Devenir son propre patron, contrôler son contenu et parler à une audience qui écoute et, pour certains, quitter leur rédaction pour travailler en toute indépendance, c’est la route que prennent de nombreux journalistes américains en lançant leur propre newsletter. Similaire au principe de l’abonnement payant, ce nouveau modèle offre un contenu par e-mail régulier, capable de procurer des revenus croissants. Cette approche innovante est-elle la solution pour faire face à la crise que traverse la presse écrite ?  

Journaliste américain, Casey Newton vient de quitter le grand média The Verge où il couvrait depuis sept ans les sujets d’actualité et les questions de technologie de la Silicon Valley et sous la coupe duquel il avait créé sa première newsletter, The Interface. À l’origine du départ de Casey Newton, le lancement de sa propre newsletter, Platformer, incitant ses 20 000 abonnés à le suivre : « Je voulais contrôler mon destin. Lorsque vous travaillez pour quelqu’un d’autre, vous courez toujours le risque que votre entreprise soit vendue, qu’elle traverse une crise économique, etc. Lorsque vous travaillez pour vous-même, vous pouvez planifier votre avenir. » Focalisée sur l’actualité des GAFA, sa newsletter indépendante propose un journalisme d’investigation, des enquêtes et des reportages dont les informations sont suffisamment importantes pour être proposées en contenu payant.

Lancée en octobre 2020, Platformer totalise après un mois d’activité 30 000 abonnés gratuits et plus de 1 000 abonnés payants, représentant déjà un chiffre d’affaires annuel de 100 000 dollars américains. Bien que son lectorat payant reste aujourd’hui inférieur à celui de The Interface, Casey Newton est confiant dans l’avenir : « Cela m’a semblé être un pari vraiment intéressant à faire. Je vais travailler vers mes objectifs au fil du temps. Je serai bientôt dans une position de pouvoir créer des emplois et recruter quelqu’un pour faire plus de reportages. Je peux embaucher un graphiste. Je peux commencer – de façon très minimale – à reconstruire un peu de ce qui a été perdu avec une petite entreprise et trouver des solutions pour l’avenir»

Un nouveau modèle économique se dessine

Popularisée par la plateforme de newsletters Substack créée en 2018, cette nouvelle façon de travailler tente de plus en plus de journalistes. Fondée par Chris Best, Hamish McKenzie et Jairaj Sethi, Substack compte seulement 12 employés, mais mise sur un chiffre d’affaires de 2 millions de dollars à la fin de l’année 2020. En seulement deux ans, la croissance du nombre d’abonnés a été exponentielle, passant de 11 000 à 250 000 abonnés sur l’ensemble des newsletters.

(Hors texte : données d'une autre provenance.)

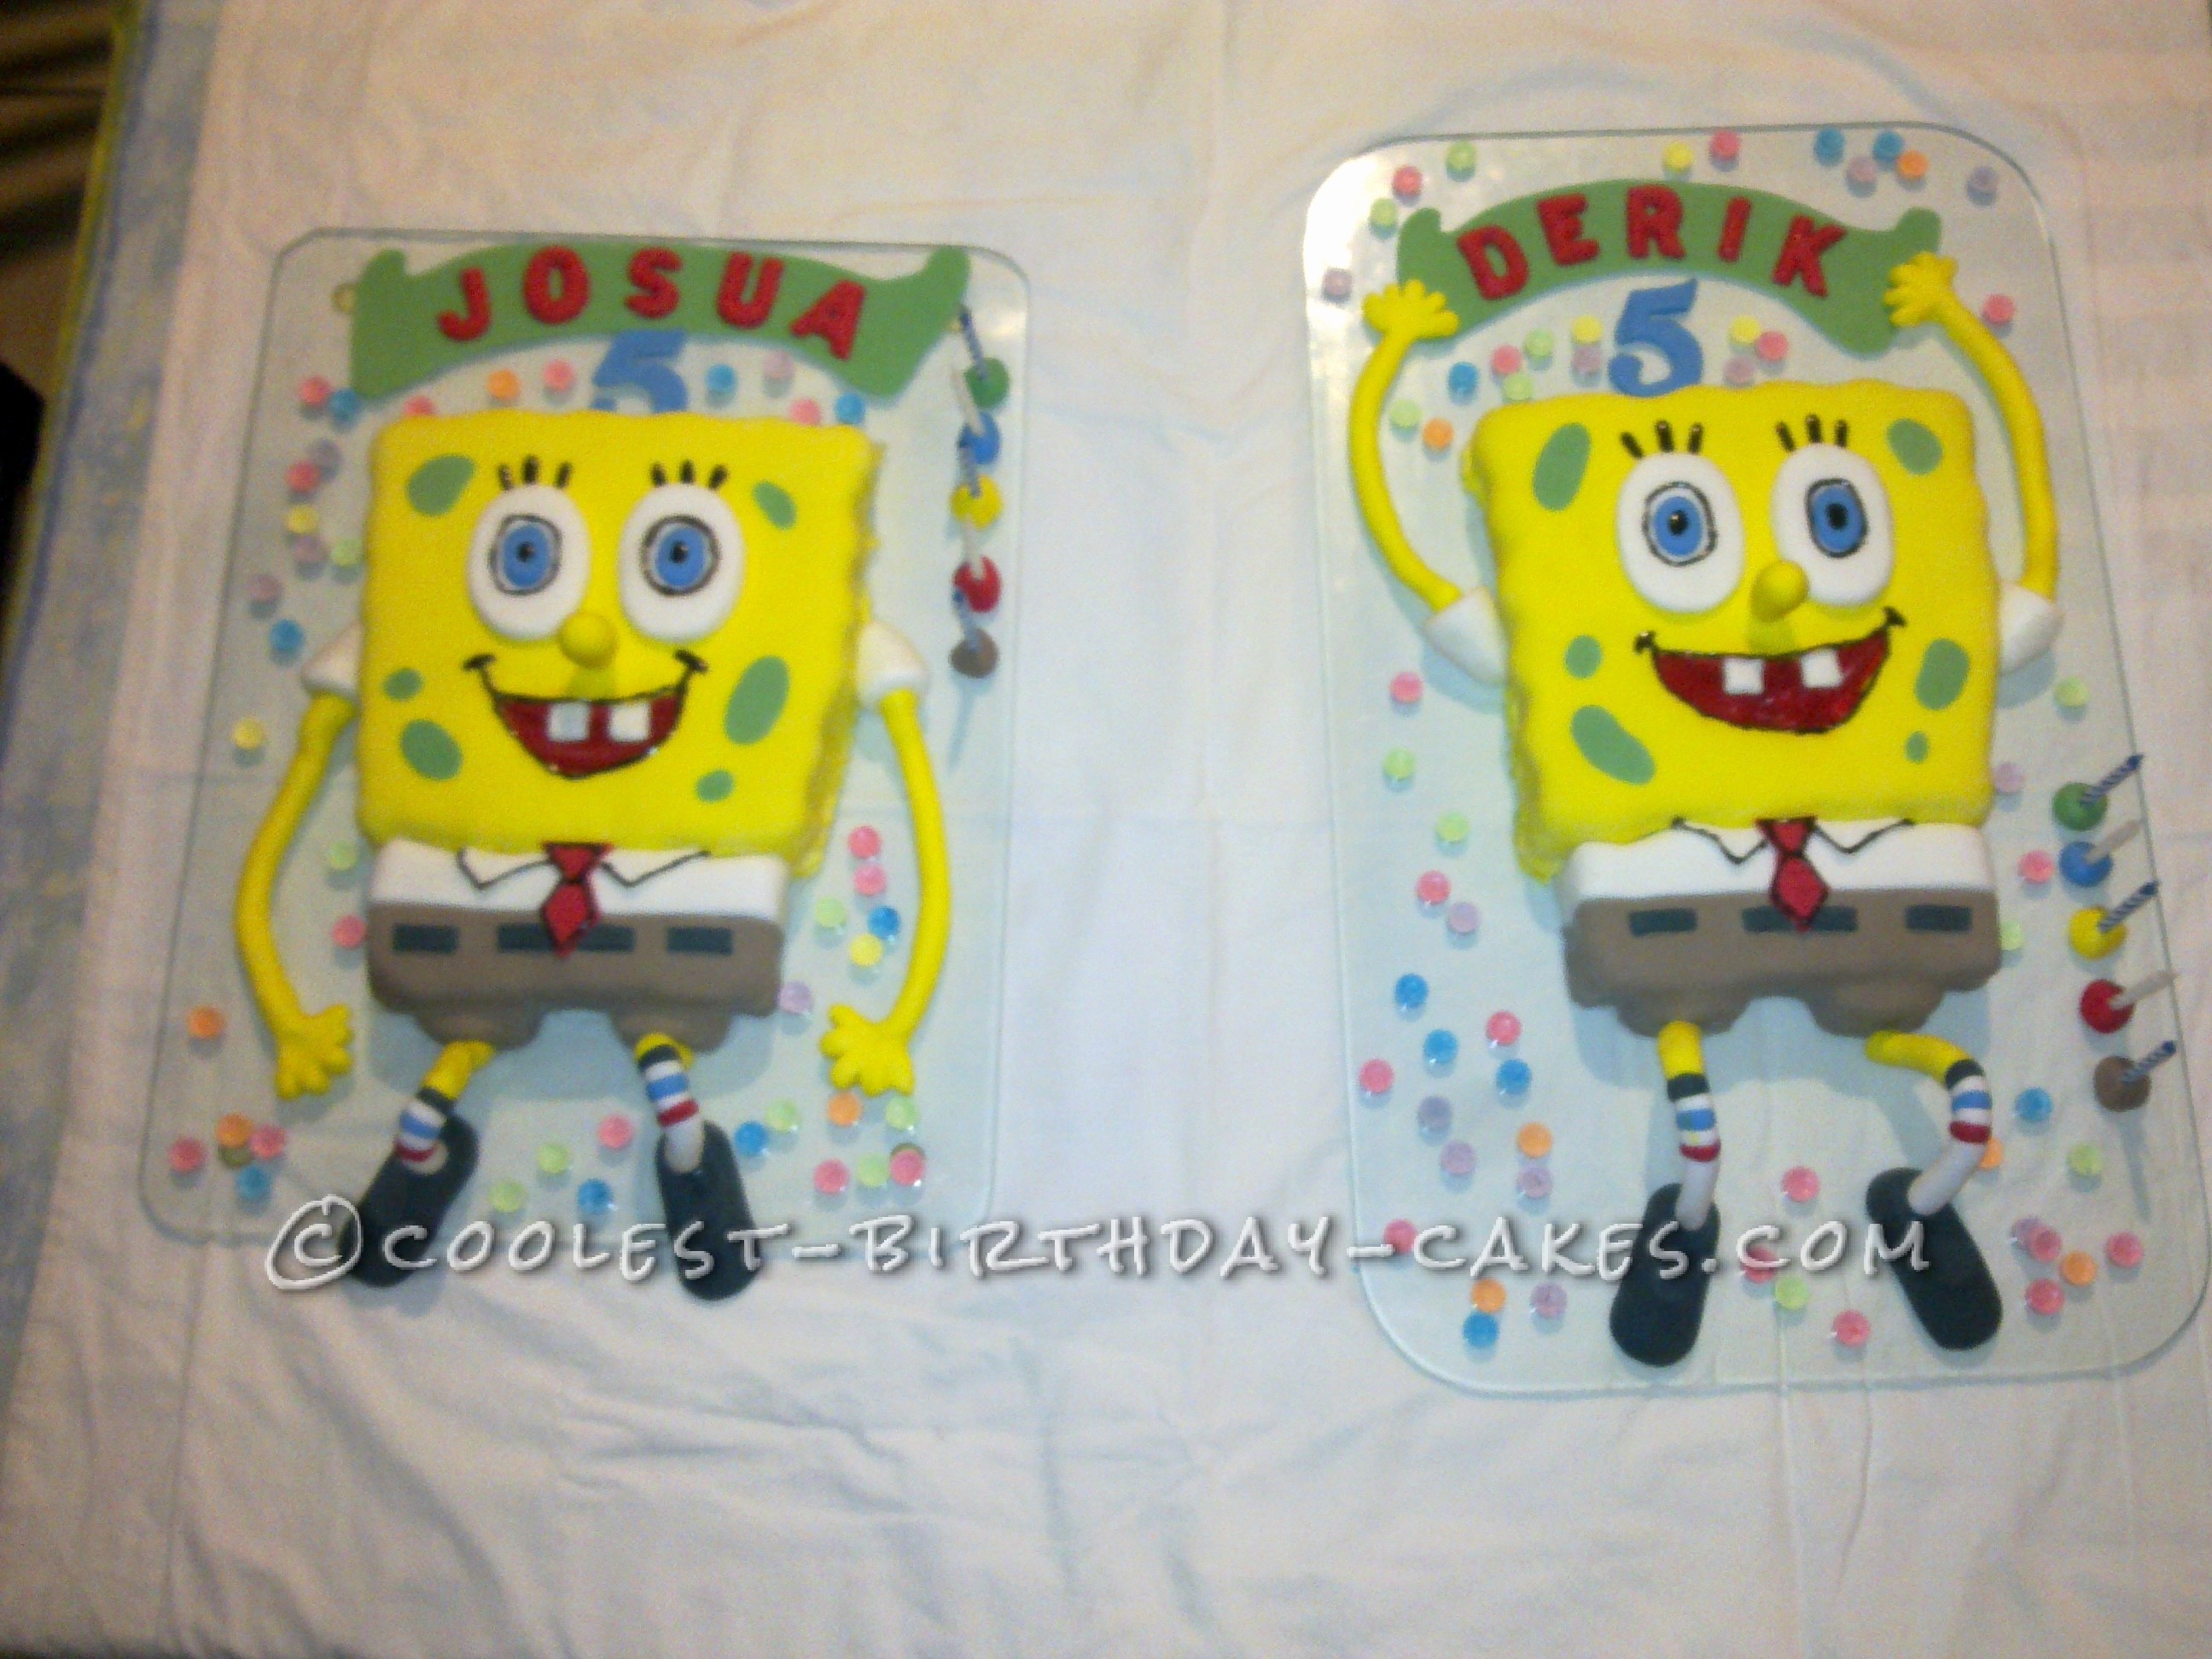 Coolest SpongBob Birthday Cakes

Le principe est simple : un journaliste, ou toute personne qui le souhaite, s’inscrit sur la plateforme et crée une newsletter qui sera diffusée à quiconque s’y abonne. Le concept est assez rapidement monétisable pour les auteurs déjà renommés. Hamish McKenzie, l’un des cofondateurs de Substack, explique qu’avec leur modèle de plateforme, « les chiffres ne doivent pas être énormes pour produire des revenus significatifs. Si vous pouvez convaincre quelques milliers de personnes de payer 5 dollars par mois pour vos informations, vous pouvez gagner 100 000 dollars américains par an ». Nombreux sont les journalistes reconnus comme Casey Newton qui ont sauté le pas : Polina Marinova, journaliste tech et business de Fortune, Haley Nahman, rédactrice en chef adjointe de Repeller ou encore Matt Taibbi, journaliste politique de Rolling Stones.

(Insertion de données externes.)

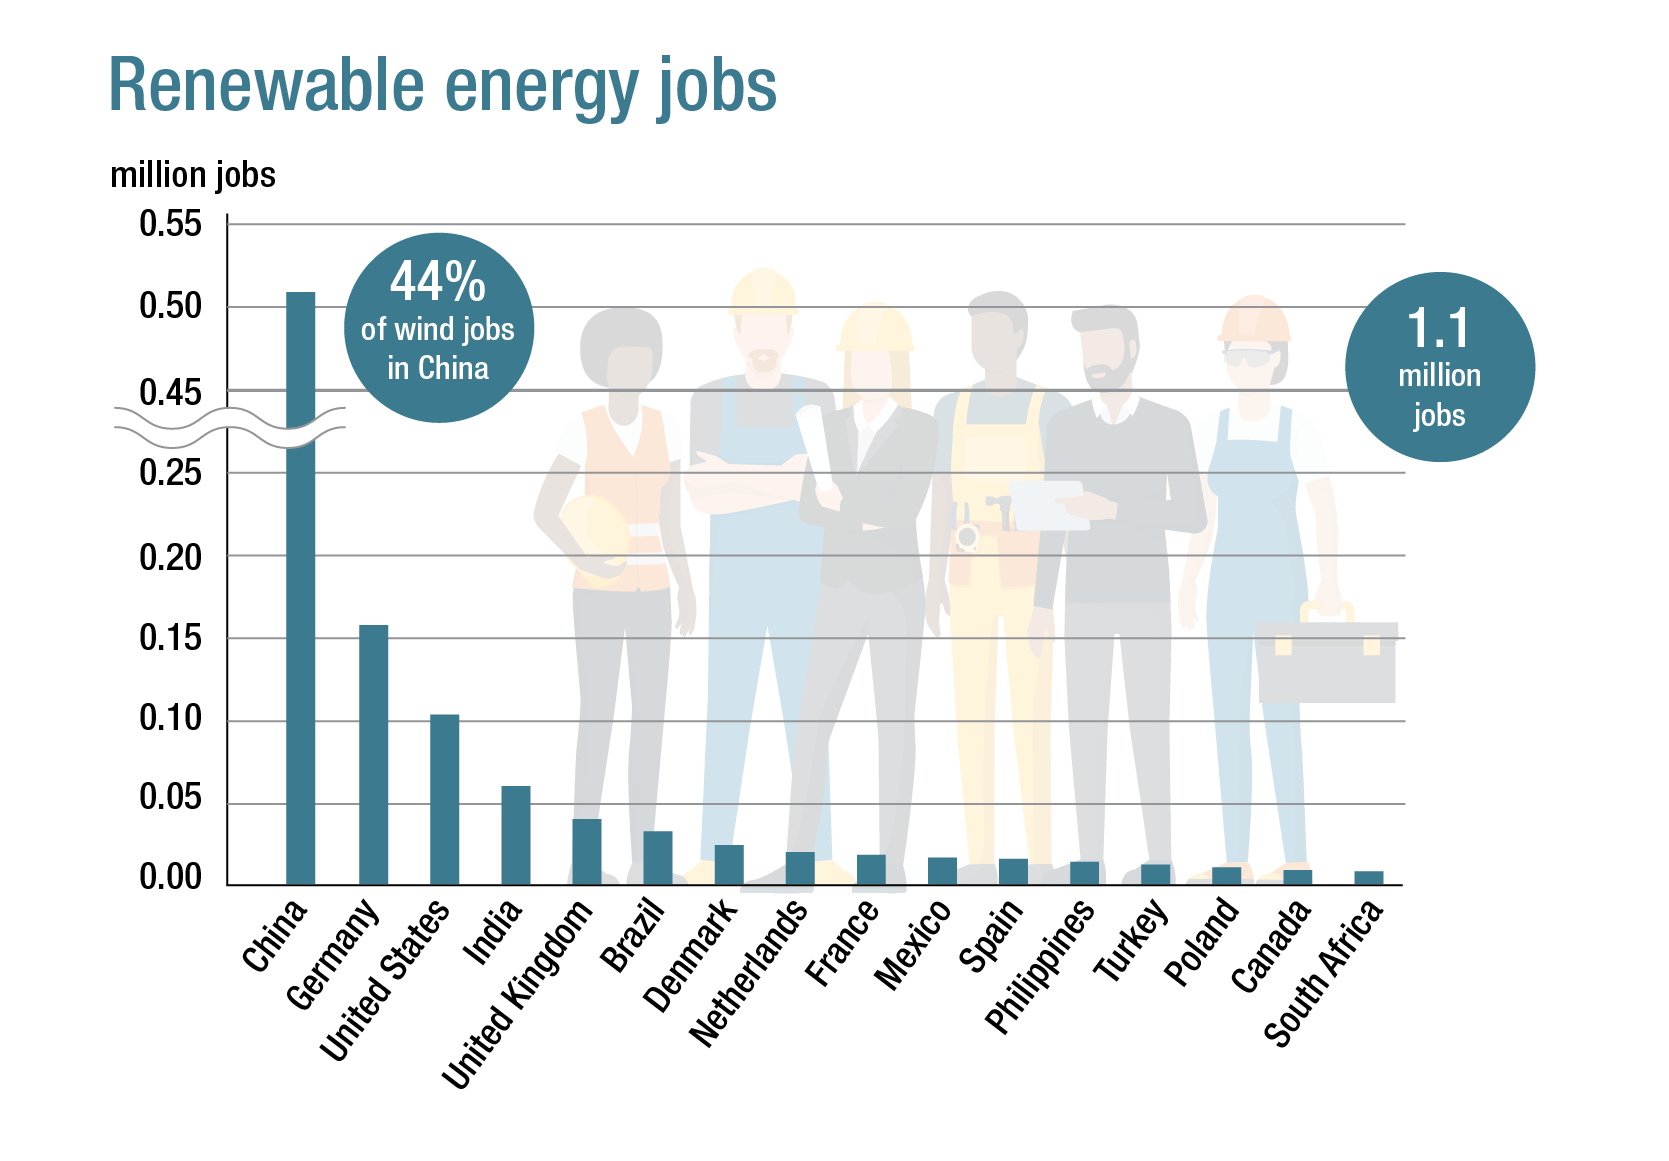 Renewable energy jobs world-wide

Les journalistes reprennent le contrôle de leurs mots

Cette tendance à l’individualisation du journalisme a commencé à se développer il y a quelques années avec Twitter, la plateforme de microblogging créée en 2006. Ce réseau social apprécié des journalistes leur a permis de créer leur propre offre éditoriale et de travailler leur image individuelle, indépendamment de leur rédaction et du média qui les emploie. Grâce à Twitter ou à d’autres réseaux sociaux, les journalistes peuvent créer leur propre audience et développer leur communauté d’abonnés, en basculant ensuite sur un modèle de diffusion payant et indépendant, comme la newsletter individuelle.

Face à la crise du modèle traditionnel de la presse écrite qui est confronté au boom des réseaux sociaux et aux difficultés causées par la pandémie internationale, ces journalistes tentent de redonner un sens à leur métier. Plus que jamais, le moment semble propice à la prise de risques. Devant des pressions toujours plus importantes, les journalistes veulent s’écarter du contrôle des algorithmes, des lecteurs qui ne lisent pas la totalité d’un article ou encore de leur dépendance aux revenus publicitaires, en diminution dans la presse écrite.

Le digital : un problème… ou une solution !

Au lieu de vouloir « sauver », un modèle économique en crise, l’heure est à la réinvention des médias et à une nouvelle façon d’accéder à l’information. En prenant la parole et en individualisant leur travail, ces journalistes s’adressent désormais à une nouvelle audience, la génération Z, qui est plus encline à soutenir et à s’engager, y compris financièrement, pour les projets auxquels elle croit. Les jeunes de la génération Z sont les premiers à acheter un tee-shirt fait par leur youtubeur préféré ou à soutenir une marque qu’ils aiment, et ils apprécient l’indépendance et l’authenticité. Activiste et parfois anticapitaliste, cette nouvelle génération a tendance à se méfier des actualités diffusées par les institutions, préférant les informations qui peuvent servir leur cause.

Devant le déferlement des fake news ou la défiance des lecteurs à l’égard des médias traditionnels, le modèle de la newsletter offre une information individualisée et inspire confiance en mettant en avant des auteurs plutôt que des institutions. Cette nouvelle forme d’information peut aussi redonner de l’espoir en réinventant, par de nouveaux canaux et une nouvelle manière de faire, un métier qui pour beaucoup avait perdu de son sens.